Un grand gaillard dégingandé, portant deux chaussures différentes (pas de la même pointure!), se dirige alors sur le terrain. C'est Vladimir Guerrero. Fred Ferreira, qui a fourni 75 joueurs au baseball majeur et qui à une certaine époque comptait sept de ses trouvailles dans la formation partante des Expos, ne découvrira jamais meilleur joueur de toute sa carrière.

«Avec les voltigeurs, je commence habituellement par les faire lancer au troisième but et au marbre», raconte celui qui travaille maintenant pour les Orioles de Baltimore. «J'ai tout de suite aimé ce que j'ai vu : ses lancers étaient “vivants”. Sa balle ne fléchissait jamais avant d'atteindre sa cible. Quand est venu le temps d'effectuer une course sur 60 verges, il a tout simplement survolé la distance en 6,6 secondes! Je lui alors demandé s'il avait une autre paire de chaussures comme les siennes à la maison. Il a bien ri!»

Pour 1500 $

Ferreira n'hésite pas une seconde et demande à Guerrero, alors âgé de 18 ans, de disputer un match avec les 18 meilleurs éléments parmi les 35 évalués ce jour-là. «J'ai dit à mon adjoint : “Ce gars qui lance et court si bien, faisons-le frapper premier à chaque manche, afin que je le vois le plus possible.” J'avais un vol à attraper et je voulais le voir frapper.»

À sa première présence au bâton, Guerrero frappe un roulant vers l'arrêt-court. En courant au premier sac, il s'étire un muscle de la cuisse et sa journée est terminée. «C'était pénible à voir. Alors que nous continuions le match, lui était assis dans l'abri, la tête entre les jambes. Je n'arrêtais pas de le regarder et soudain, j'ai dit à mon assistant : “Tu sais quoi? Donnons-lui une chance. J'ai vu ses lancers. J'ai vu sa course. Je vais prendre une chance sur son coup de bâton.”»

Ferreira est alors passé par la résidence de Guerrero, où sa mère était très ravie de l'accueillir, et il lui a fait signer un contrat. «Sports Illustrated a déjà dit de cette entente que c'était la deuxième meilleure de toute l'histoire du baseball, après la vente de Babe Ruth des Red Sox aux Yankees! J'avais mis sous contrat Vladimir Guerrero pour 1500 $!» Il s'est bien repris : il a touché plus de 125 millions $US au cours de sa carrière.
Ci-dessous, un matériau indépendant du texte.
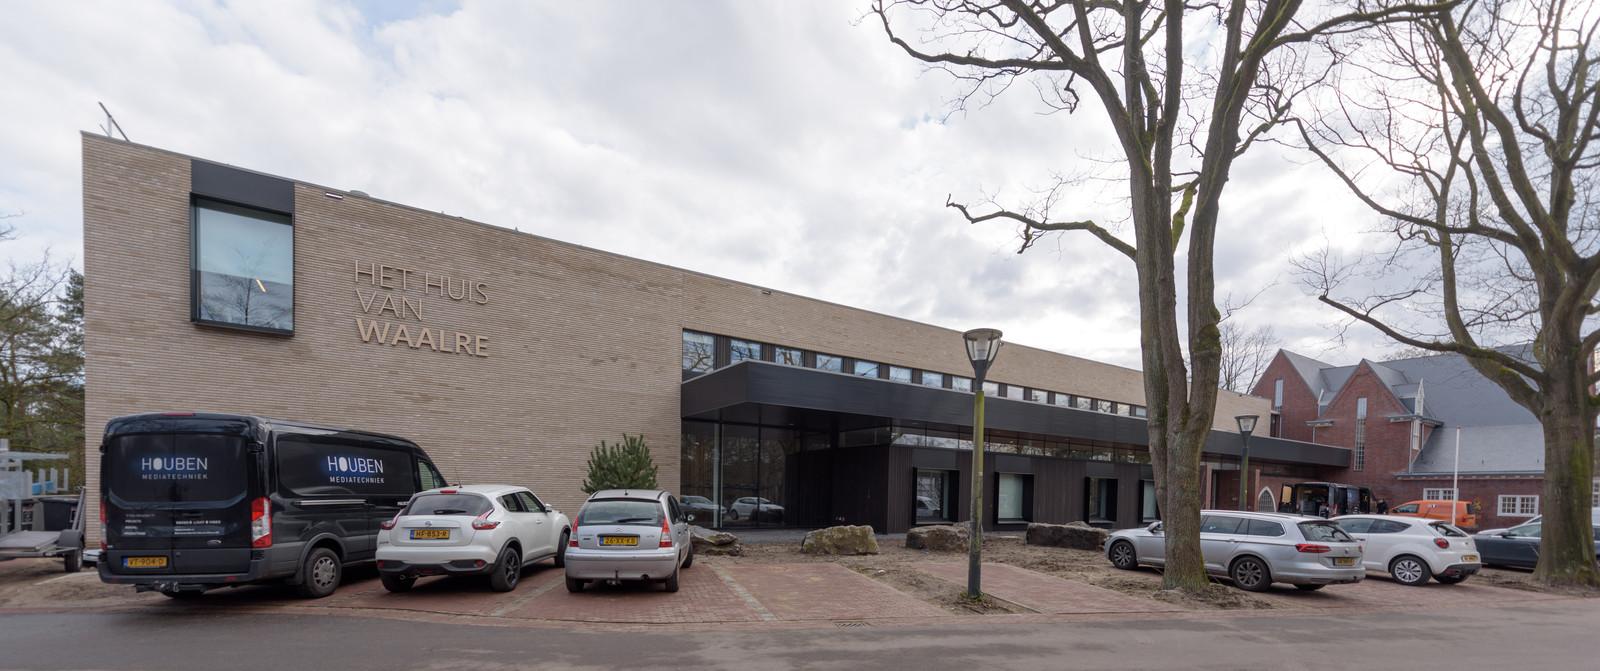 Het gemeentehuis van Waalre.

«C’est la plus belle trouvaille de ma carrière», note Ferreira. «Quand j'ai parlé à Felipe Alou [gérant des Expos] de Guerrero la première fois, je lui ai dit que je croyais avoir déniché un joueur pour les majeures, mais qu'on devrait garder les instructions à son endroit plutôt simples. “Laissons-le faire ce qu'il sait faire. Il fait les choses à sa manière, mais il est très talentueux”, avais-je dit. J'avais frappé dans le mille!»

«Je suis extrêmement excité par son élection au Temple de la renommée», a avoué le vétéran dépisteur, qui a sa propre section à Cooperstown, en raison de ses nombreuses trouvailles, dont Bernie Williams et Orlando Cabrera.